D: When u is the root, it's useless to do operation on u, and for each other node v, we need to cost (a[parent[v]]^a[v])*size[v] to make a[parent[v]]==a[v]. Therefore, if we let 1 be the initial root of the tree, and u is the parent of v when root is 1, then node v will contribute (a[u]^a[v])*(n-size[v]) to the answer of nodes in subtree of v, and contribute (a[u]^a[v])*size[v] to the answer of other nodes.

E1: We can use 3 operations to swap two numbers in the permutation: [I]*s*[II]t[III] --> [II]*t*[III]s[I] --> [III]*s*[I]t[II] --> [I]t[II]s[III], and do 2 opartions on 1, n will cause no change. Therefore, we can build operation sequences for p[i] and q[i] separately, and if the parity of lengths of them is the same, we can fill (1, n) to operation sequence of p[i] if it's shorter, or fill (1, m) to operation sequence of q[i]. Otherwise, if n is odd, we can add n operations on 1 for p[i], similar for m is odd. If both n and m are even, the answer doesn't exist.

Why answer doesn't existAssume we do operation on position i, there are i-1 numbers before and n-i numbers after. Therefore, the change of the parity of inversion number will be (i-1)+(n-i)+(i-1)*(n-i)%2, and when n is even, the parity of i-1 and n-i will be different, so the parity of inversion number will be changed after every operation. Therefore, if n and m are even and the initial parity of inversion numbers of p[i] and q[i] are different, the answer doesn't exist.

How did you arrive at the answer for D?

since doing xor on a whole subtree is kind of like doing suffix xor on an array, you can consider do something like difference array, that is, make every edge $$$(u, v)$$$ have a weight of $$$w[u] \text{^} w[v]$$$, then the weight of $$$v$$$ is indeed the xor of path from root to $$$v$$$(except the root, but it is not important), and the problem become "Make all edge have weight $$$0$$$, in one operation you can make an edge's weight xor with $$$c$$$", then it is obvious that xor edge with it's weight is optimal.

Thanksss

Additionally, i wanted to ask is it a common technique to break down an operation on a subtree as an edge.

.

Can you explain why?

My understanding was as follows:If you XOR the root and a certain set of bits get flipped in root's value, then those bits will get flipped for the entire subtree (since operation is on the entire subtree, not just root).

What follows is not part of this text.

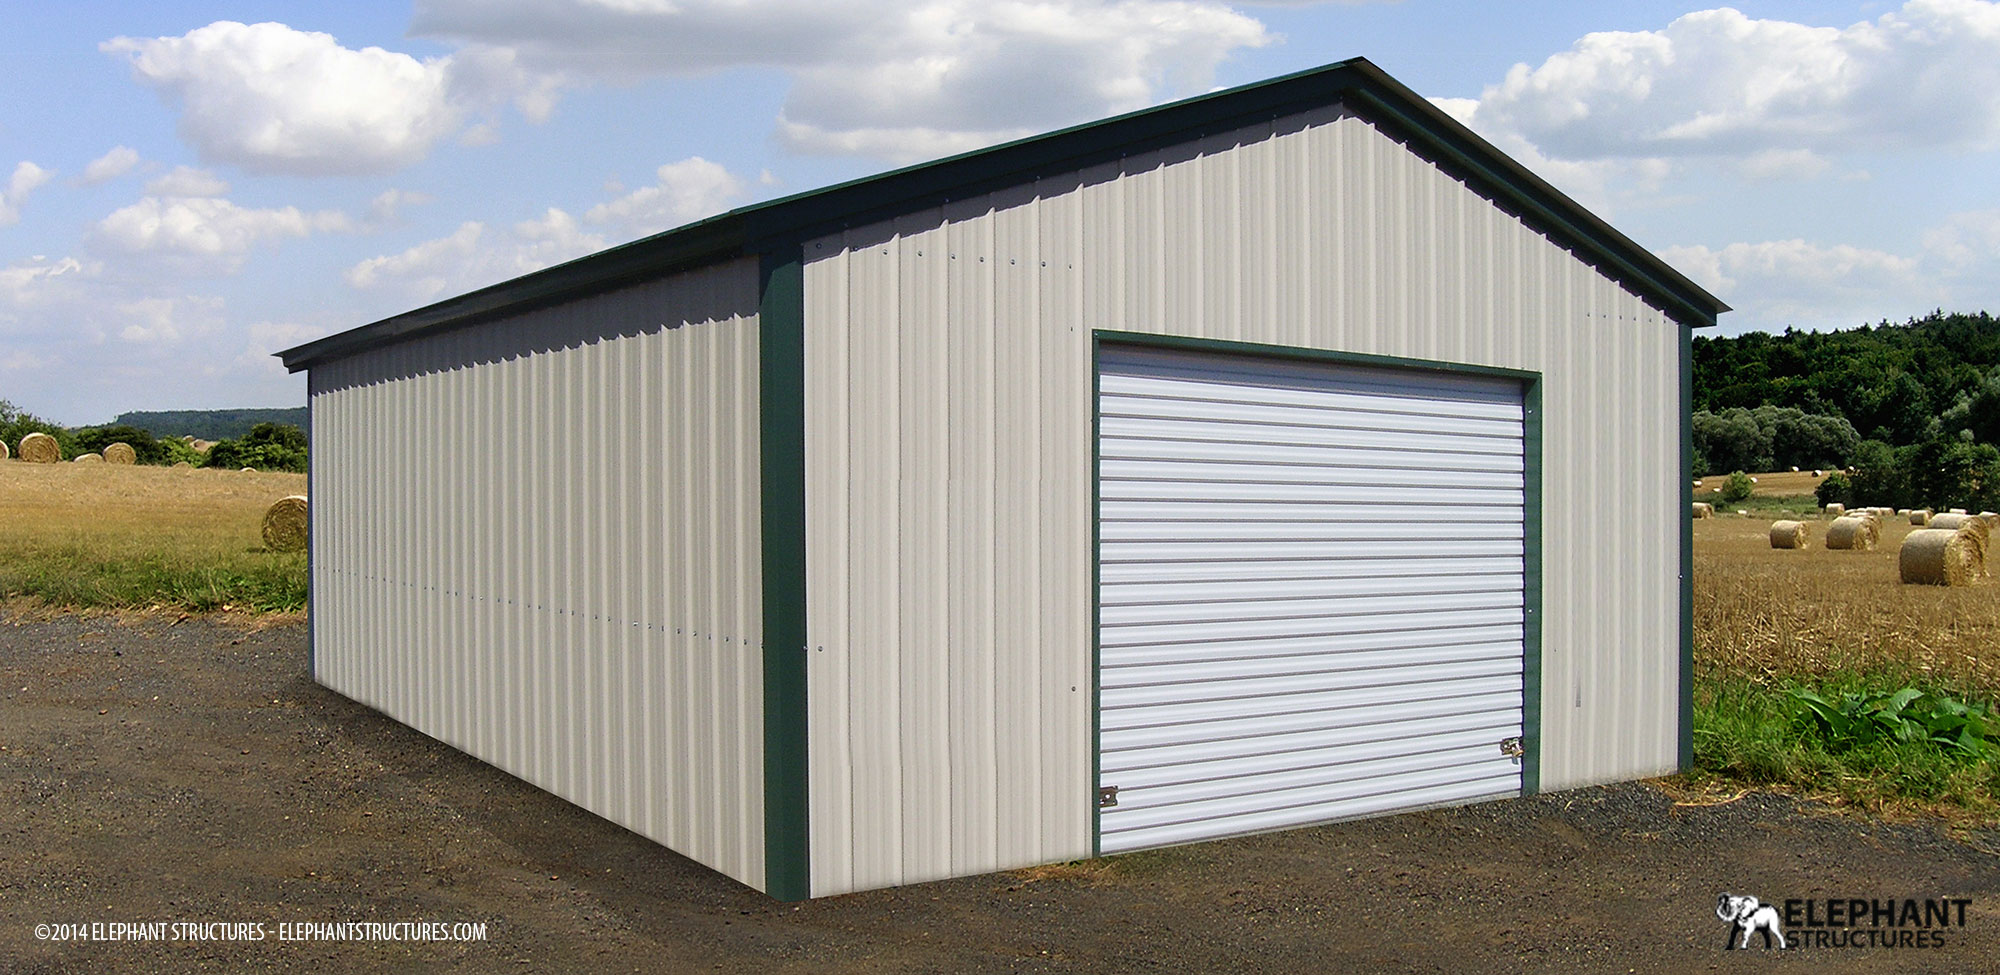 Metal Buildings Garages Carports Barns Online Elephant Structures

So, essentially the problem remains identical just with the flipped bits i.e. you want to match those bits in the root's value with values in its subtree using the XOR operation on the subtree.Consider an example with only 1-bit numbers: If root's value is 1. And its subtree has node1=0, node2=1, node3=0, node4=0, node5=1. Then, if you apply operation on the subtree rooted at the root itself, these numbers will become root=0 and subtree will have node1=1, node2=0, node3=1, node4=1, node5=0. Clearly, the nodes in subtree which had different value compared to root still remained the same before and after the operation.

Because if you operate on the root u, it won't make any unequal nodes in the subtree become equal, since every node is xor by the same number.

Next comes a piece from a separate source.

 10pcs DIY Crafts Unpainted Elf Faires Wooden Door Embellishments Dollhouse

For D[problem:1882D], the conclusion that it is useless to do operation on the root (to minimise cost) seems obvious.

However, in your statement/solution, are you assuming that for a node v to become same value as root, the value of node (v) has to (at some point) become equal to the original value of its immediate parent after a sequence of operations? If so, how can we prove it for optimal cost?

Can you explain B?

Could you share a little about how did you came up with the observation in E1 that that any two positions can be swapped using 3 operations? Since it really seems unnatural to me...Appreciate a lot!

Tried DFS and Rerooting for each bit in D, got TLE, shouldn't

`20 * n`

pass?No need to do it for each bit. If you want to make a whole subtree equal then you need to make all children of the root equal to root otherwise its not possible. There is no way we can change the root value to be equal to the value of the child without changing the child.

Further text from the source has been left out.